Structured framework for building AI agents that work in production. Based on the Storm & Storm methodology.

When to Use

  • Designing a new AI agent from scratch
  • Planning architecture for an automated workflow
  • Reviewing or improving an existing agent's design
  • Teaching someone how to build agents

The 8-Step Process

Follow these steps in order. Each step has a clear goal and concrete deliverables.

Step 1: Choose a Task

Pick ONE painful, repeating workflow. Not "AI in general."

  • Must be repeatable (weekly+), follow steps, have clear I/O
  • Define success: "Given X, the agent should output Y so that Z happens."

Step 2: Map the Steps

Break the task into 4–7 steps: INPUT → ACTIONS → DECISION → OUTPUT

  • Classify each step: ⚖️ pure rules | 📖 heavy reading/writing | 🎯 judgement calls
  • Choose infrastructure (no-code vs dev-friendly)
  • You need: strong model + tool calling + basic logs

Step 3: Specify Inputs, Outputs & Tools

Treat the agent like an API, not a chatbot.

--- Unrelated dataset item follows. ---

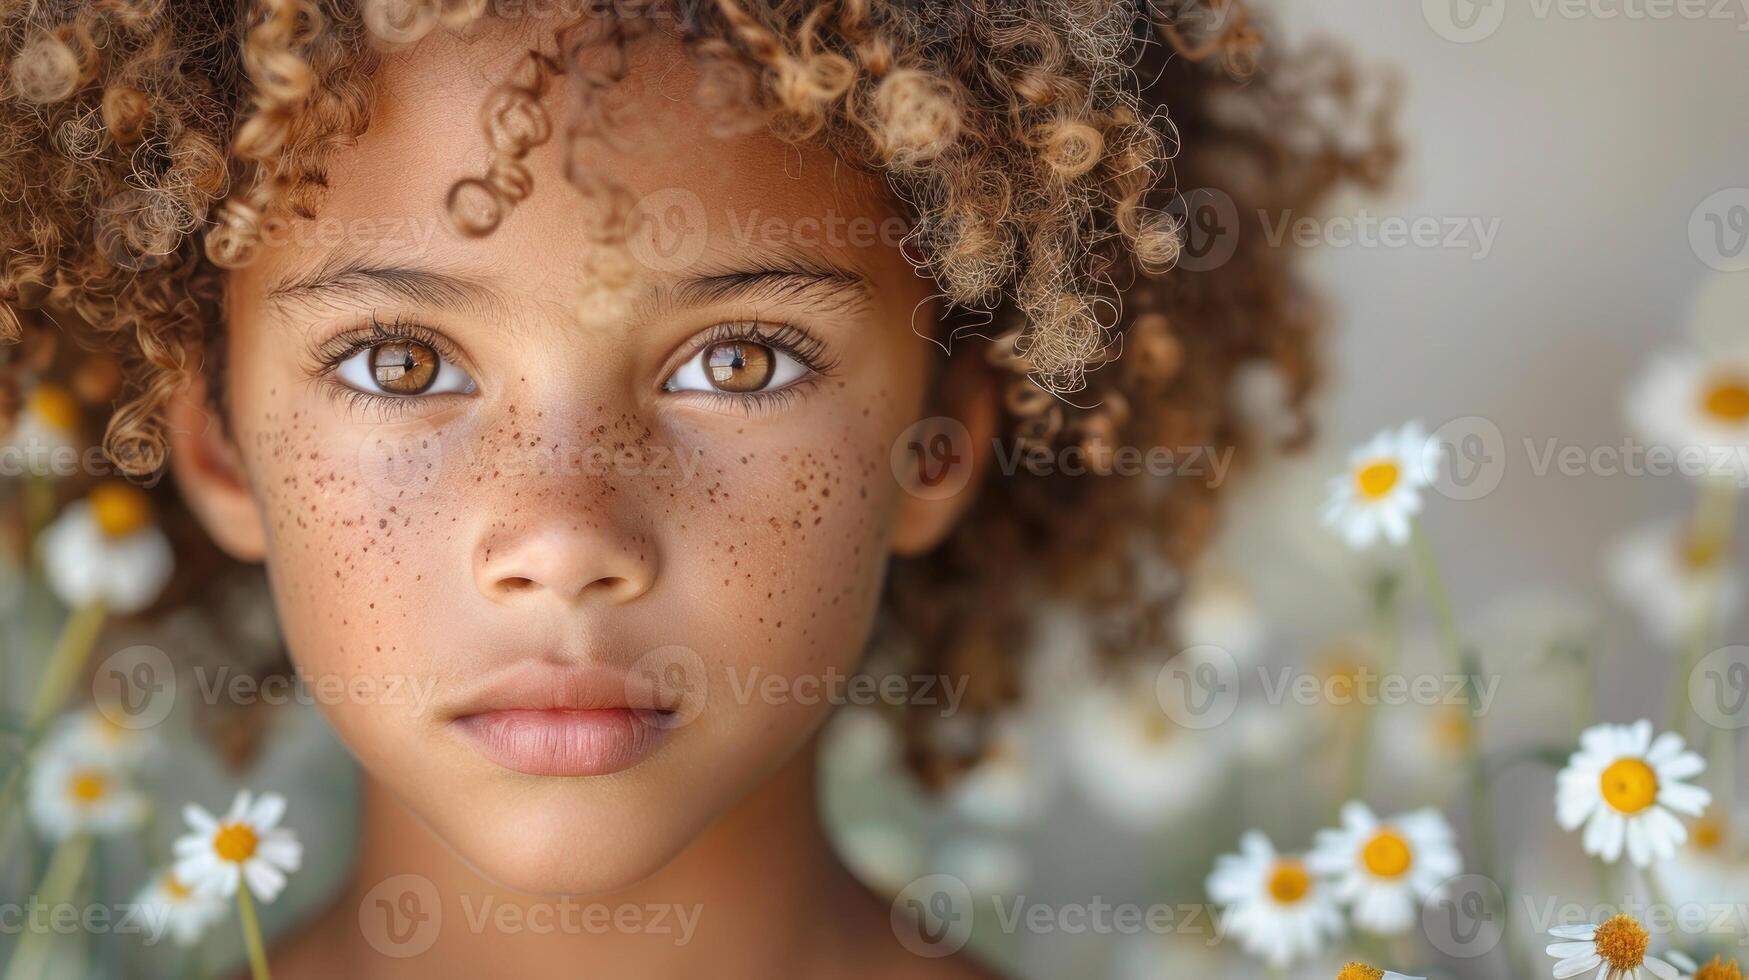 A young girl with freckles on her face photo

  • Define required input fields (text, file, URL, ID)
  • Define structured outputs (JSON/template the system can trust)
  • Attach tools: data (search/DB/CRM), action (email/Slack/tasks), orchestration (schedulers/webhooks/queues)

Step 4: Write the System Prompt

Create a clear role with: role definition, boundaries, style, 1–2 example conversations.

  • Use ReAct pattern: observe → think → act → reflect

Step 5: Add Memory

Three layers: conversation state, task memory, knowledge memory (vector store/file search).

  • Key question: "What does this agent need to remember for the next step to be smarter?"

Step 6: Add Safeguards

Gate high-risk actions (email, data changes, money) behind human approval.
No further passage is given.